Por Roberto Knight Cavaleiro, aposentado
Os idosos podem ser rabugentos, desinteressantes, intransigentes, fedorentos, dementes, enganadores e geralmente inadequados para o propósito. Eu sei porque, aos 88 anos, admito ter compartilhado pelo menos um destes atributos infelizes.
Por volta dos setenta anos de idade, entramos involuntariamente no que é eufemisticamente chamado de ‘zona crepuscular’, quando o corpo e a mente ficam mais lentos e o nosso comportamento torna-se imprevisível. É então que devemos enfrentar a realidade de que em breve, senão já, precisaremos de ajuda para realizar as tarefas diárias da vida.
A nossa escolha (ou a dos nossos amigos e parentes) limita-se a ficar em casa com a ajuda paga de ‘cuidadores’ ou entrar em instituições como hospícios, sanatórios, asilos e lares.
Muito antes do surto do coronavírus, a indústria de cuidados (seja estatal, social ou privada) foi muito difamada por falta de devida diligência para com uma clientela cativa em desvantagem. Os setores públicos lutaram com orçamentos miseráveis para fornecer o mínimo de serviços possíveis para a sobrevivência, realizados por uma equipa bem-intencionada, mas mal paga e subqualificada. O setor privado era obrigado a alcançar para os seus proprietários, em sua maioria corporativos, um lucro desejável, atraindo uma classe de pacientes mais rica, mas muitas vezes menos saudável, através do fornecimento de equipamento médico de última geração e equipa de enfermagem especializada.
As séries de televisão e a publicidade apresentam uma imagem irreal, mas feliz, dos ‘jovens velhos’ desfrutando de uma aposentação confortável com boa comida, atividades culturais e desportivas e até aventuras românticas. Mas as recentes revelações de ‘instalações’ decrépitas, exemplificadas pelo Lar de Reguengos de Monsaraz, mostram a verdade de um sistema apavorante de salas de espera dilapidadas para a morte, nas quais os infelizes foram confinados como sendo a única solução para um problema caquético inevitável. Fora da vista; fora da mente.
A turbulência socioeconómica dos últimos trinta anos resultou numa mudança radical de atitudes da geração Millennials em relação ao envelhecimento. A desintegração da vida familiar tradicional destruiu muito do antigo padrão de pais idosos serem cuidados em casa. A maioria das crianças nasceu fora do casamento e espalhou-se pelos quatro cantos do globo com a economia de mercado. Eles têm pouca motivação para fornecer o sustento dos idosos quando o seu próprio futuro está ameaçado pela pobreza e negligência.
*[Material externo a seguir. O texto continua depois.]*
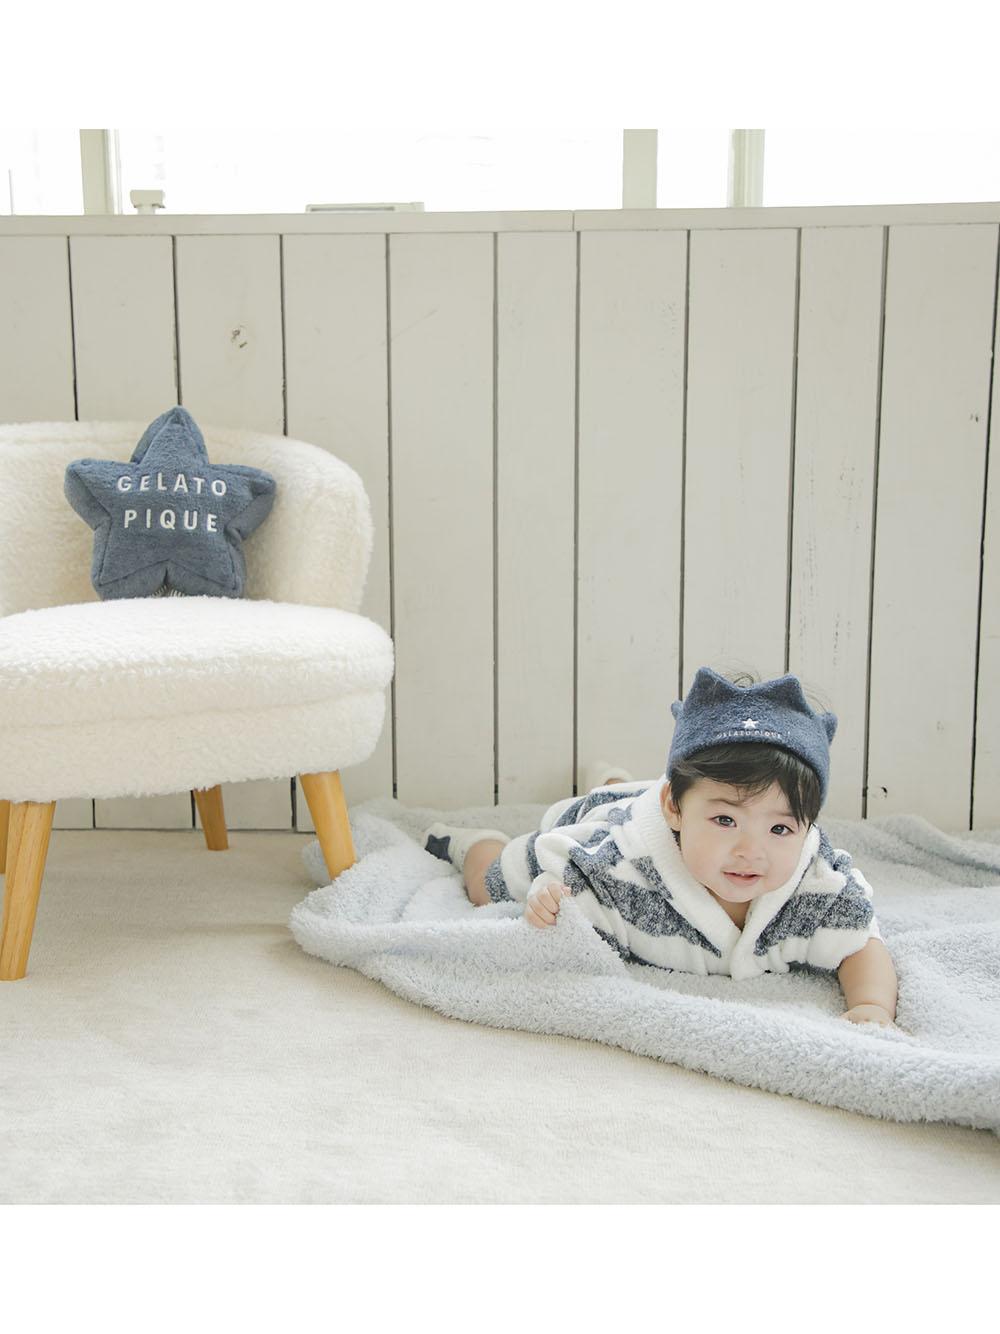 【BABY】'スムーズィー'メランジ2ボーダー baby ショートパンツ | PBNP212441
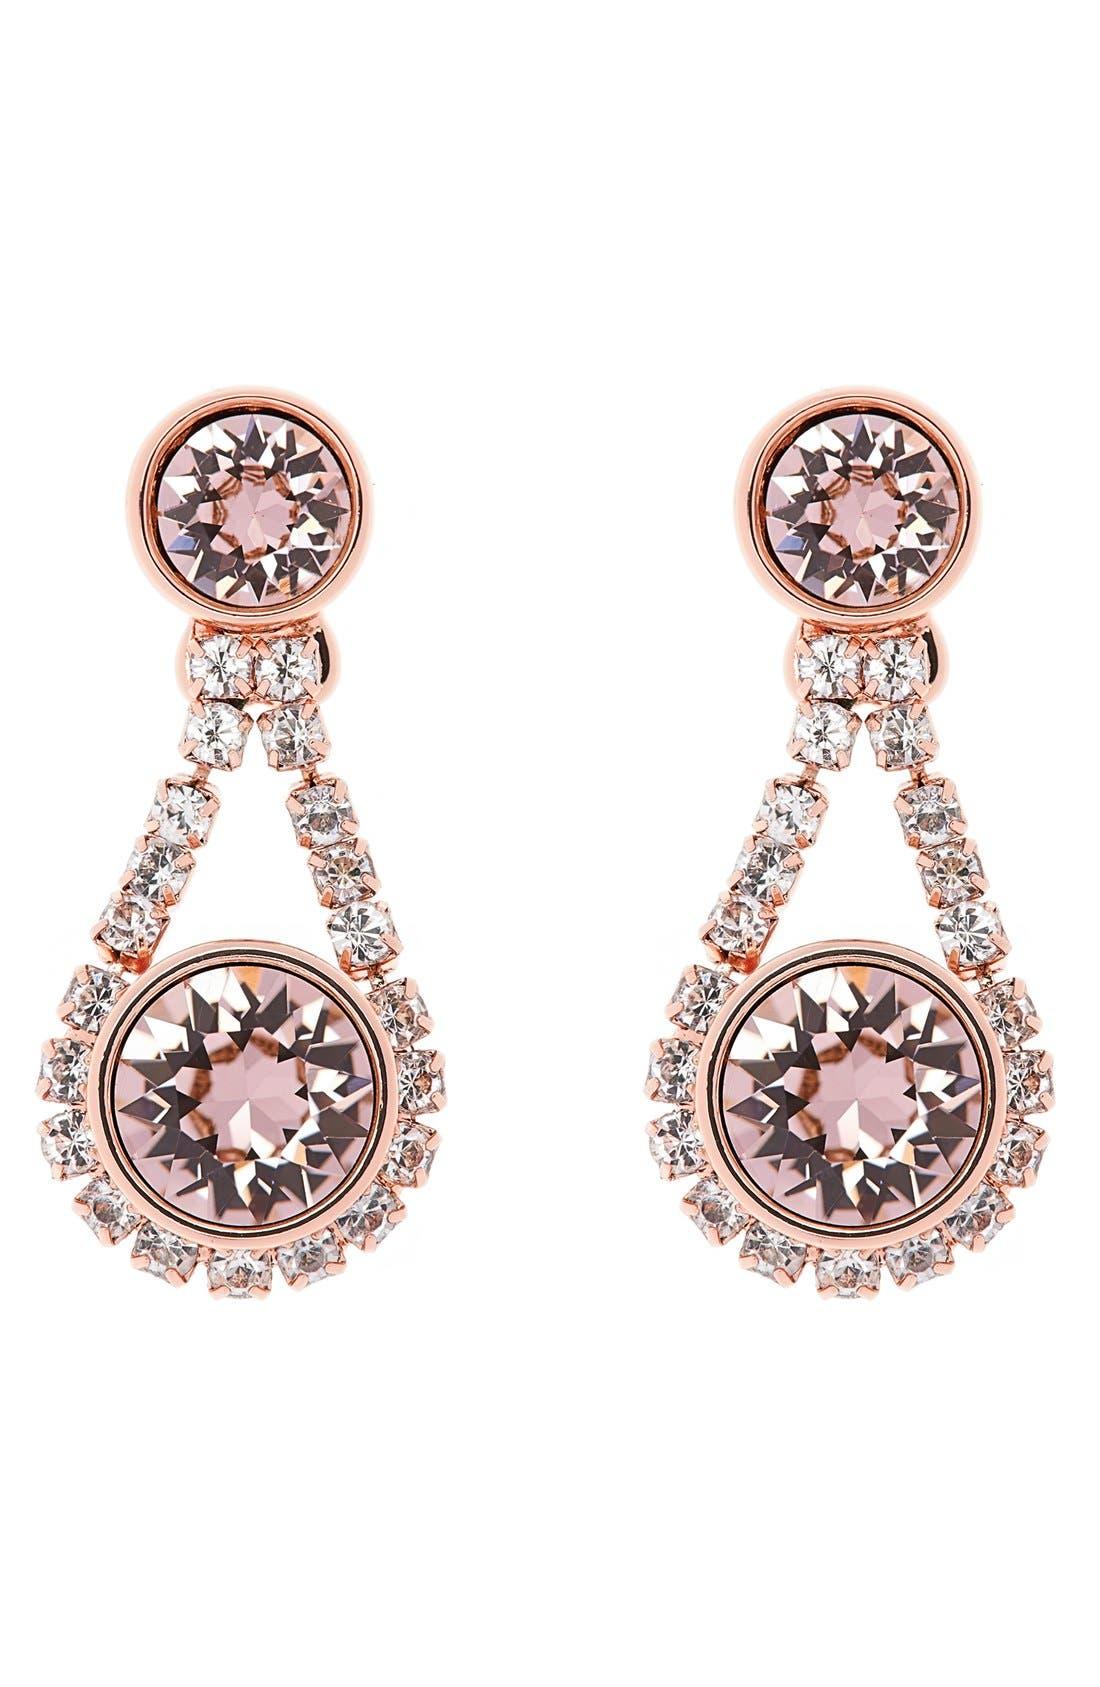 Main Image - Ted Baker London 'Crystal Daisy' Drop Earrings

O valor médio para acomodação em lares de idosos agora é de € 3.000 por pessoa por mês e, dependendo do grau de incapacidade, oscila para o triplo desse valor durante os dias terminais. As pensões fixas financiadas pelo Estado e pelo empregador são lamentavelmente inadequadas para atender a esses pagamentos. A única solução para a maioria é liquidar os pequenos investimentos de uma vida que possam ter feito e vender ou hipotecar a antiga casa – para grande consternação dos futuros beneficiários.
Exceto para a elite privilegiada e rica, o sistema capitalista nunca fornecerá uma solução justa para o problema económico de financiar a longevidade. Na verdade, o início da covid-19 e a alta taxa de mortalidade associada entre os maiores de 70 anos foi cogitada por alguns como prova da necessidade de introduzir a eutanásia e aplicar a eugenia para reduzir uma população improdutiva.
Sem uma presença política ou a capacidade de organizar lobbies, há pouco que os idosos possam fazer para pressionar uma mudança na sua terrível situação. Na melhor das hipóteses, deve-se tentar permanecer independente o máximo possível, não entrando no sistema atual de morte assistida, mesmo que isso signifique inconveniência física. Uma extensão das ‘Brigadas de Intervenção Rápida’ do estado para fornecer atenção médica essencial em viagens poderia ser uma grande ajuda para evitar os custos e o sofrimento do confinamento em grupos concentrados.
E, mais importante, as habilidades intelectuais contínuas dos aposentados devem ser exercidas pelo incentivo à atividade profissional e cultural; incluindo a redação de ensaios como este.